Three mutations in Zea mays affecting zein accumulation: a comparison of zein polypeptides, in vitro synthesis and processing, mRNA levels, and genomic organization.

作者信息

Burr F A, Burr B

出版信息

J Cell Biol. 1982 Jul;94(1):201-6. doi: 10.1083/jcb.94.1.201.

Abstract

We studied three mutations, opaque-2 (o2), opaque-7 (o7), and floury-2(fI2), each of which causes a depression in zein synthesis. We examined the processing efficiencies of the rough endoplasmic reticulum membranes in vitro, the levels of RNA transcription using cloned zein probes, and the genomic organization of the zein sequences as possible sites for the genetic defects.

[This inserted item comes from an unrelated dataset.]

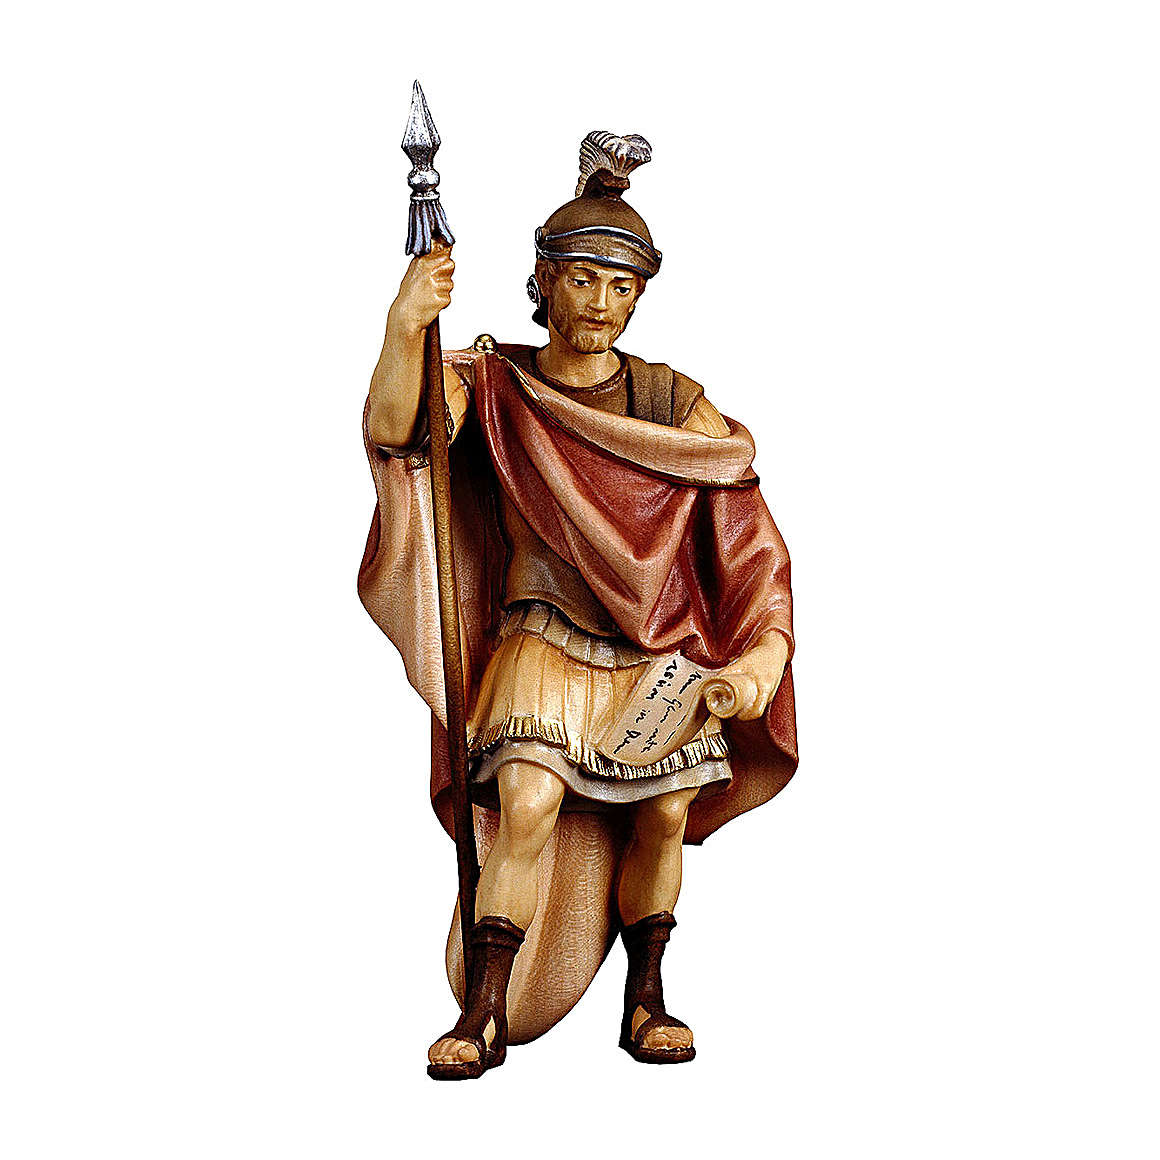 Soldato romano presepe Original legno dipinto Valgardena 12 cm 4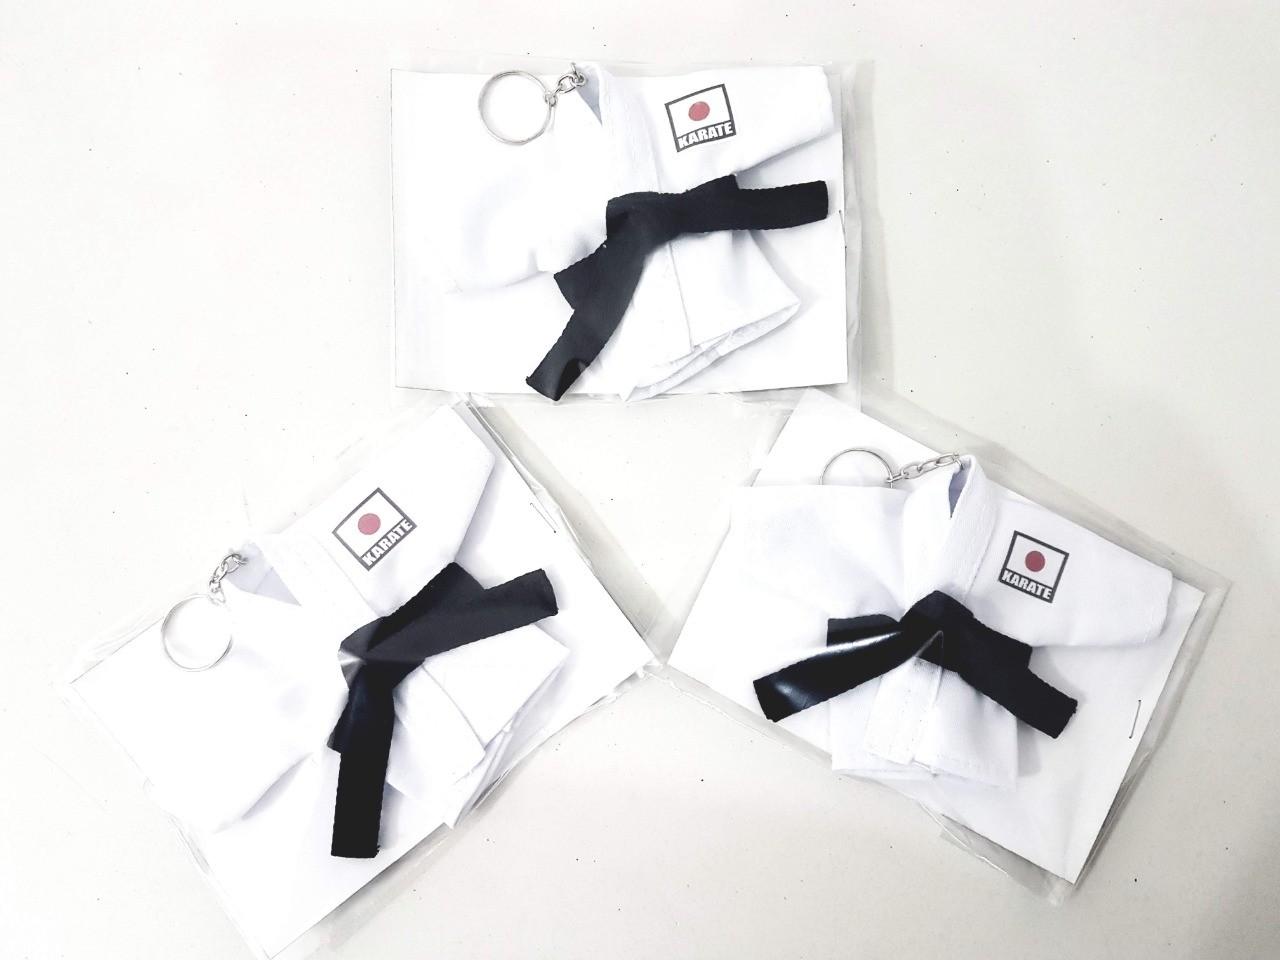 Mini Kimoninho Karate Japao Do Combo 3 unidades

The results obtained indicate that the steps in prezein translation and processing occurring on the protein body membranes are not accountable for the lowered zein content in any of the mutations. The o2 mutation that typically shows a paucity of 22.5-kdalton zein polypeptides was found to have a concomitant reduction in a particular subgroup of mRNAs coding for this size class. Southern analyses suggest that the o2 mutation is not the result of a large deletion of tandem-linked zein genes.

摘要

我们研究了三种突变,即不透明-2(o2)、不透明-7(o7)和粉质-2(fI2),每一种突变都会导致玉米醇溶蛋白合成减少。我们检测了粗糙内质网膜在体外的加工效率、使用克隆的玉米醇溶蛋白探针检测RNA转录水平,以及将玉米醇溶蛋白序列的基因组组织作为遗传缺陷的可能位点。所得结果表明,在蛋白体膜上发生的前玉米醇溶蛋白翻译和加工步骤,并非导致任何一种突变中玉米醇溶蛋白含量降低的原因。通常显示缺乏22.5千道尔顿玉米醇溶蛋白多肽的o2突变,被发现与此大小类别的特定mRNA亚组同时减少。Southern分析表明,o2突变不是串联连接的玉米醇溶蛋白基因大量缺失的结果。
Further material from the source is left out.